Today, I saw a girl waiting alone at the bus stop. I'm assuming she had just come from work because she still had her work clothes on. I thought of the best way to try to have a conversation with her. I took a deep breath, and went in with confidence. I asked her, excuse me, do you have the time? She instantly responded, I have a boyfriend. I was like pfft what? Ok. So you're telling me the time is "I have a boyfriend"? Whoa, that's weird. I thought the clock only had numbers and minute hand to indicate time. Clearly I was mistaken. She laughed and then I said, you have one lucky boyfriend. Have a great day. And carried on. I wanted to look back as I walked away, but I could almost feel her eyes piercing right through me.
Originally posted by jedi_darryl
Today, I saw a girl waiting alone at the bus stop. I'm assuming she had just come from work because she still had her work clothes on.
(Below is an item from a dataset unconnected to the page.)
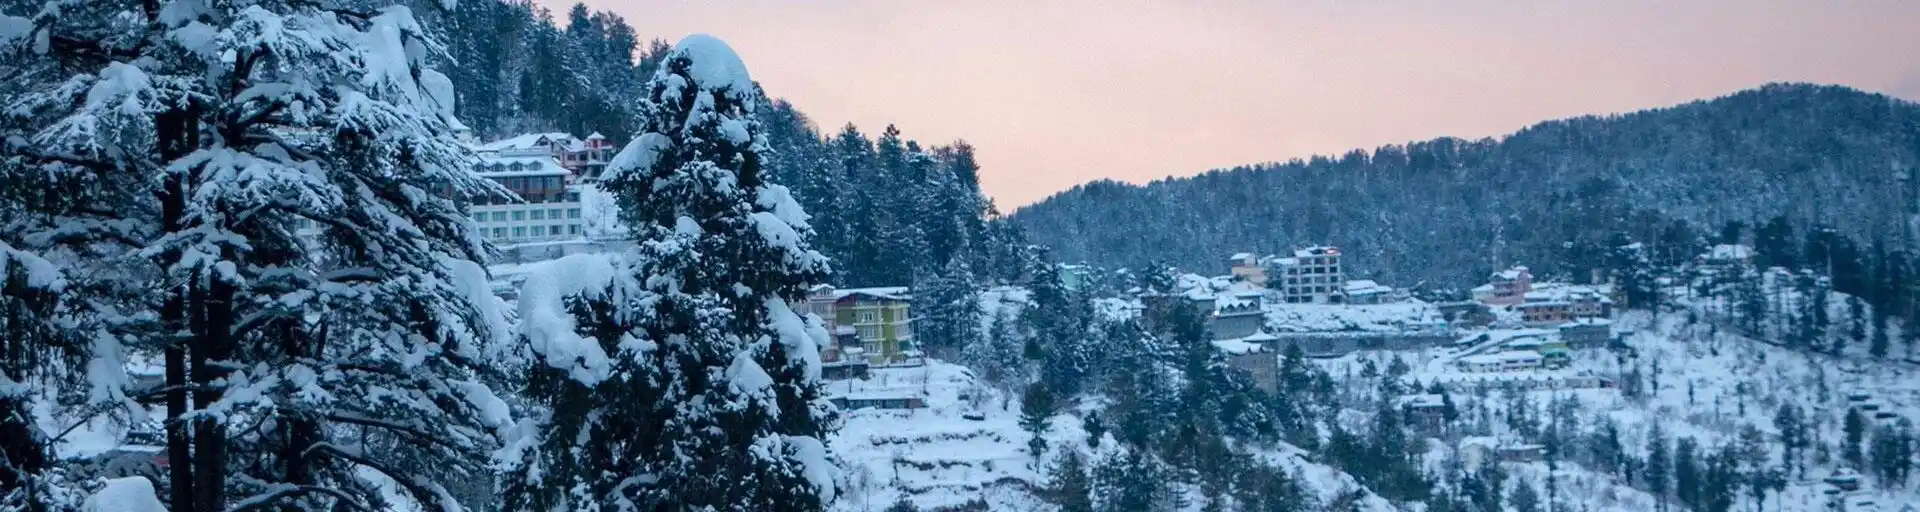 Shimla Snowfall

I thought of the best way to try to have a conversation with her. I took a deep breath, and went in with confidence. I asked her, excuse me, do you have the time? She instantly responded, I have a boyfriend. I was like pfft what? Ok. So you're telling me the time is "I have a boyfriend"? Whoa, that's weird. I thought the clock only had numbers and minute hand to indicate time. Clearly I was mistaken. She laughed and then I said, you have one lucky boyfriend. Have a great day. And carried on. I wanted to look back as I walked away, but I could almost feel her eyes piercing right through me.
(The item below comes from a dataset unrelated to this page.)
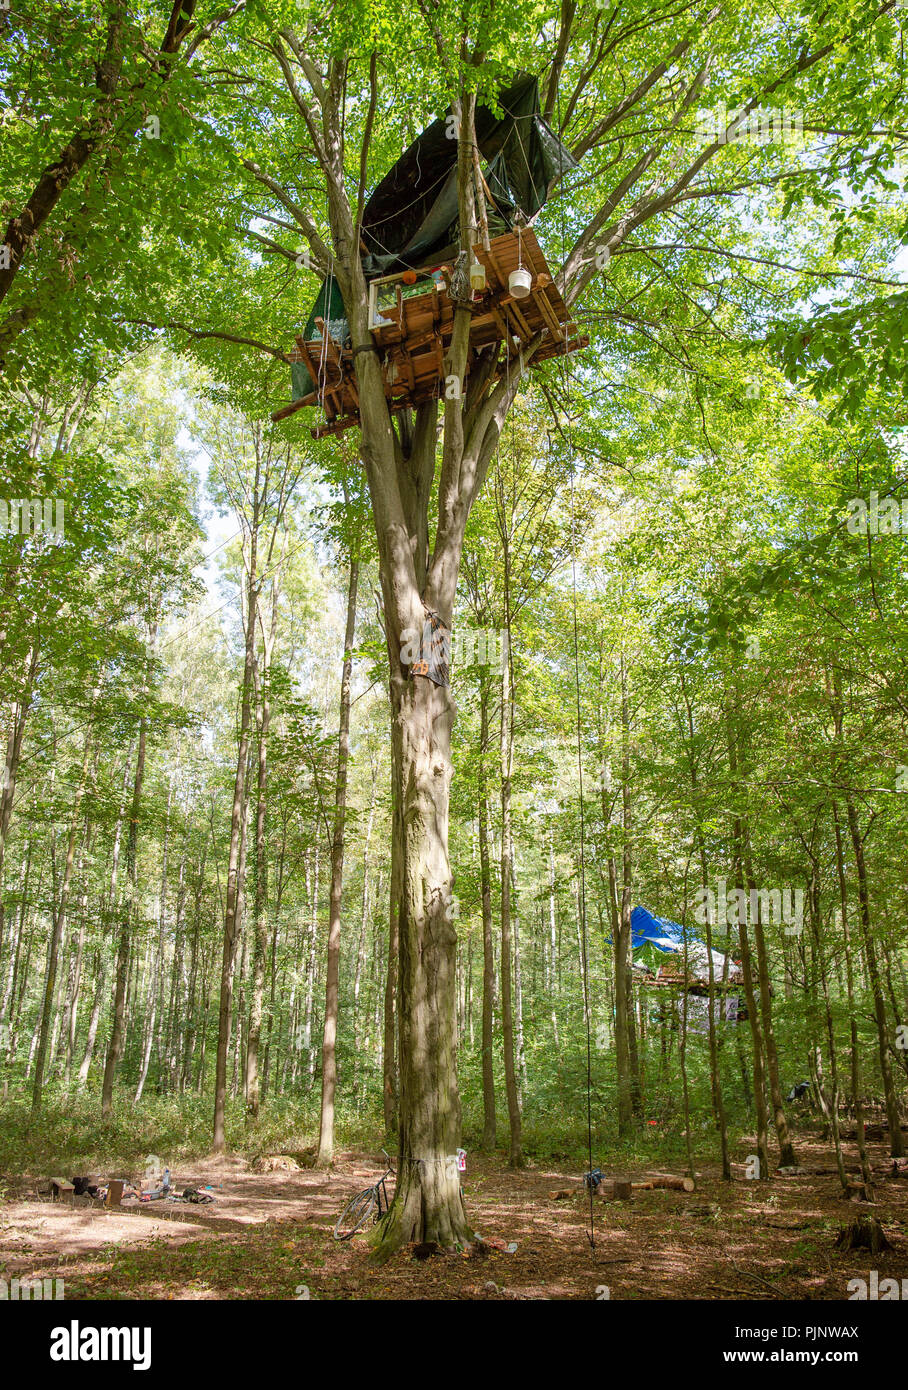 08 septembre 2018, l'Allemagne, Kerpen:Les militants ont construit une maison de l'arbre dans la forêt de Hambach. Les militants tentent d'empêcher l'effacement de la forêt de Hambach par l'entreprise de l'énergie RWE. Les militants ont annoncé les mesures de dégagement de la compagnie d'énergie RWE dans la forêt de Hambach. Photo : Christophe Gateau/dpa Banque D'Images

Funny story I saw a customer come in subway's at about 2am on a saturday. It was about a 20 something year old college student high as balls (naturally). This guy wasn’t just high, he was off his ass, he was like higher than snoop on April 20th, his eyes were clamshells. The employee asked him what he had wanted and I could see the gears turning in his head but he absolutely couldn’t get anything out. This guy was too high to even talk, and I’m surprised he even made it down the street to the store. Obviously it seems as if the employee have been there before so she said, "no problem, I’ve got this and started pointing at what he wants". He commences to just go down the line pointing at the bread and meats and veggies like this damn reaper, leading her on the biggest game of hot and cold she has ever played. In the end, his sandwich racked up like 15 dollars in extra charges, but I think they gave it to him for free after I left with my orda. There is no moral to this story.